Photograph Credit Joan Carter 2008

Would you like a little greenhouse, one you could keep on a table?
Call it a terrarium, and it's yours.

Imagine a time before plastic bags. You're on a sailing vessel on the other side of the world, trying to bring some plants back alive. Seeds travel just fine, dormant bulbs and tubers can survive. Plants in active growth are another story. Up on deck in the sunlight, salt spray is an issue. Down below, and the lack of light is a different problem. Furthermore, fresh water is in limited supply.

Then in the 19th century a British doctor, Dr. Nathaniel Ward, made an interesting discovery. The ferns in his London garden grew poorly, damaged by heavy air pollution that was a consequence of coal used for heating. The good doctor was a naturalist fascinated by insects as well as plants. In the bottles where he reared moths, he found that fern spores were germinating and growing in a soil. He had a carpenter build glazed wooden case, and found that ferns thrived when grown in it. With the new Wardian cases, moisture condensed within the case, watering the plants which were at the same time protected from noxious atmosphere - and from salt spray on a sailing ship. In 1833 Dr. Ward sent plants to Australia. They arrived alive and well, and he got some interesting Australian plants back. Wardian cases soon became features of stylish drawing rooms in Great Britain and the United States.

Terrariums today have periods of popularity, and times when interest in them wanes. We used to make terrariums in narrow-necked glass bottles, dribbling soil in through a funnel and maneuvering plants with chopsticks when planting. Fascinating, but awkward. Open-mouth containers such as an outsize brandy snifter, a goldfish bowl, or an apothecary jar are easier to manage. Even better is a glass cloche, or bell jar, that can be set over a planted bowl.

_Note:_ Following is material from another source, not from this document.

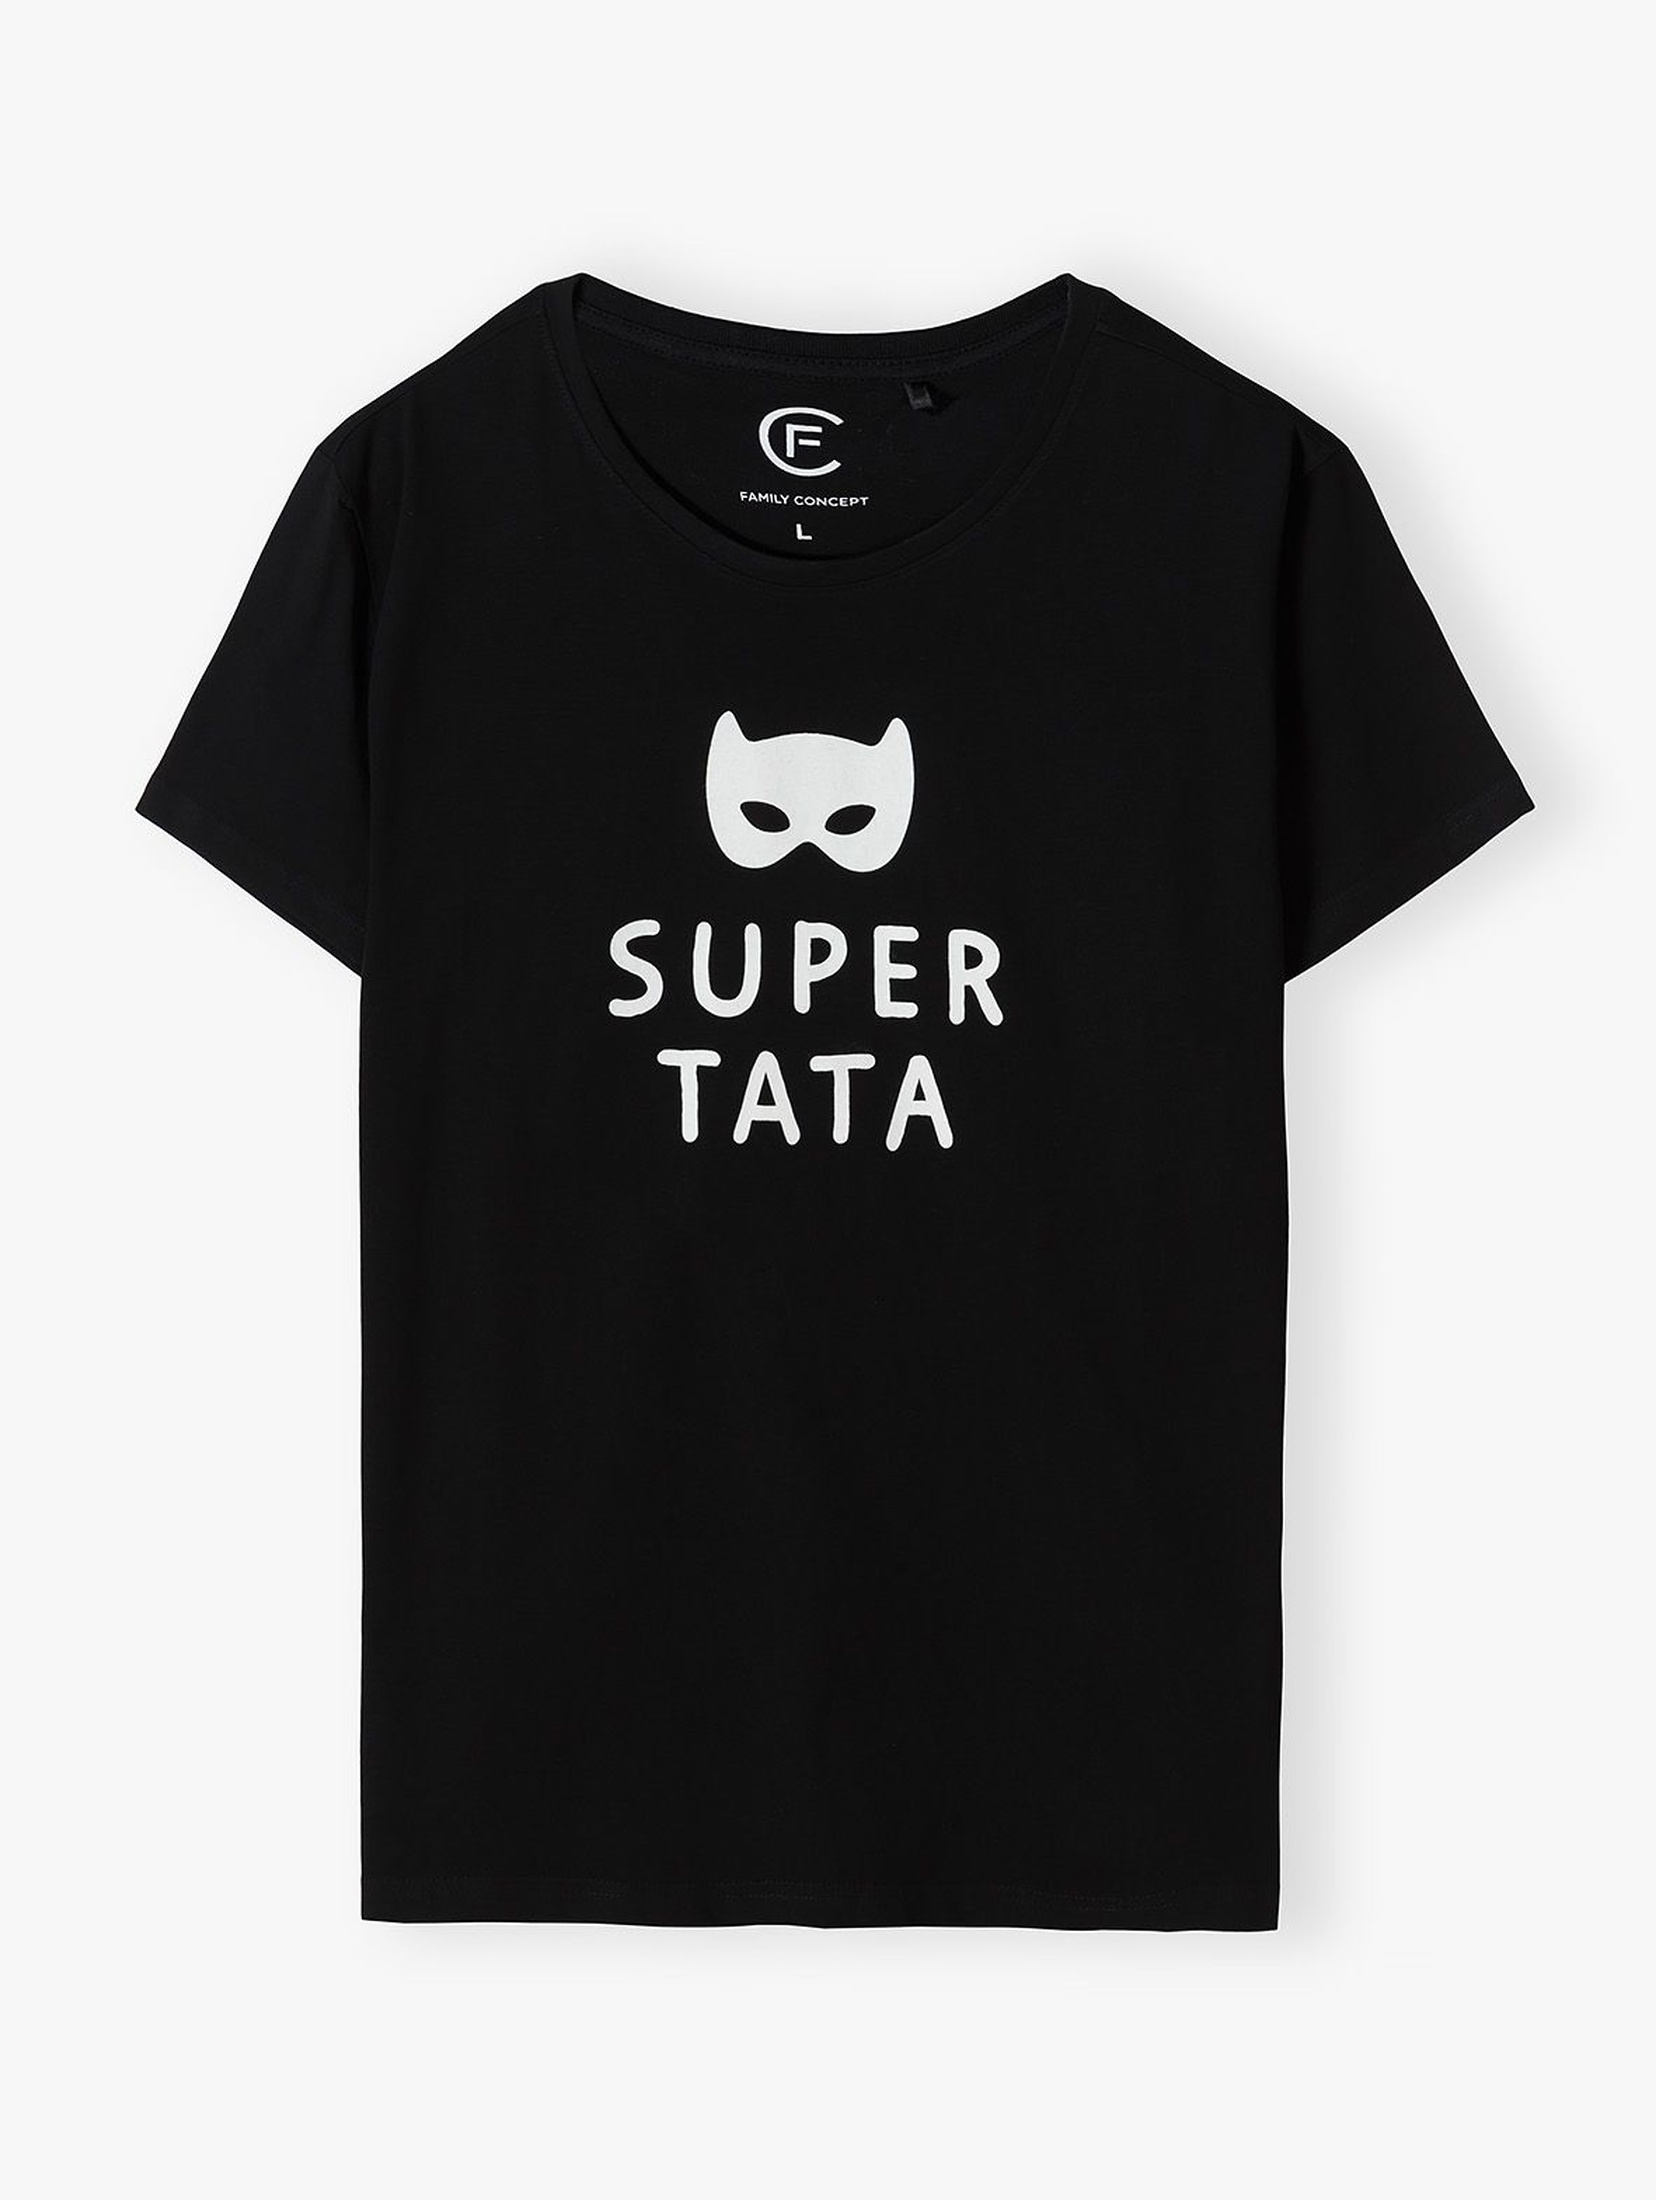 Bawełniany t-shirt męski z nadrukiem "Super tata"

Photograph Credit Joan Carter 2008

Today I gave a presentation on terrarium planting for the Tohickon Garden Club.
A couple of cloches, a large glass water jug with the bottom removed, potting soil and pots,
and other necessary ingredients covered two tables. Plants are almost the last thing.

Photograph Credit Joan Carter 2008

Here's a nice little pilea in its nursery pot with a cloche for a cover.
A more attractive container would look better, but see how the glass enhances it.

Photograph Credit Joan Carter 2008

In a closed container, whether glass bottle or plastic bowl, use a layer of coarse gravel
to serve as a sump for excess moisture. Scatter a couple of tablespoons of
rinsed aquarium charcoal. This protects against stagnation. Something is needed
to keep soil from sifting into the gravel. Where the planting container is opaque, as here,
I like to use coffee filters. If the container is glass, long fiber sphagnum looks more attractive.

Space is limited under glass, and exuberant plant growth will be a problem.
For this reason, I don't use fertilizer. Most potting mixes seem to contain several months
worth. It's easy to mix your own: 2 parts purchased top soil, 2 parts of a
commercial soilless mix of peat moss, perlite, and vermiculite, and 1 part coarse sand.

Photograph Credit Joan Carter 2008

Spray lightly after planting, then cover. Keep your terrarium in good light
but out of sunlight. Think of your car, parked in the sun even on a chilly day.
Glass containers similarly trap the heat and can overheat the plants.
Should there be too much condensation, lift the lid for a few hours.
If you think it is too dry, mist gently. The terrarium will develop a balance
and need remarkably little care. Keep things even simpler by choosing
foliage plants such as peperomia and pilea, little ferns, and selaginella.

Photograph Credit Joan Carter 2008

One of the garden club members puts the finishing touches on her terrarium.

Photograph Credit Joan Carter 2008

It's not a real frog, just a small decorative object to enhance this garden under glass.
We all had a good time. Just maybe, next year's flower show will have a terrarium class.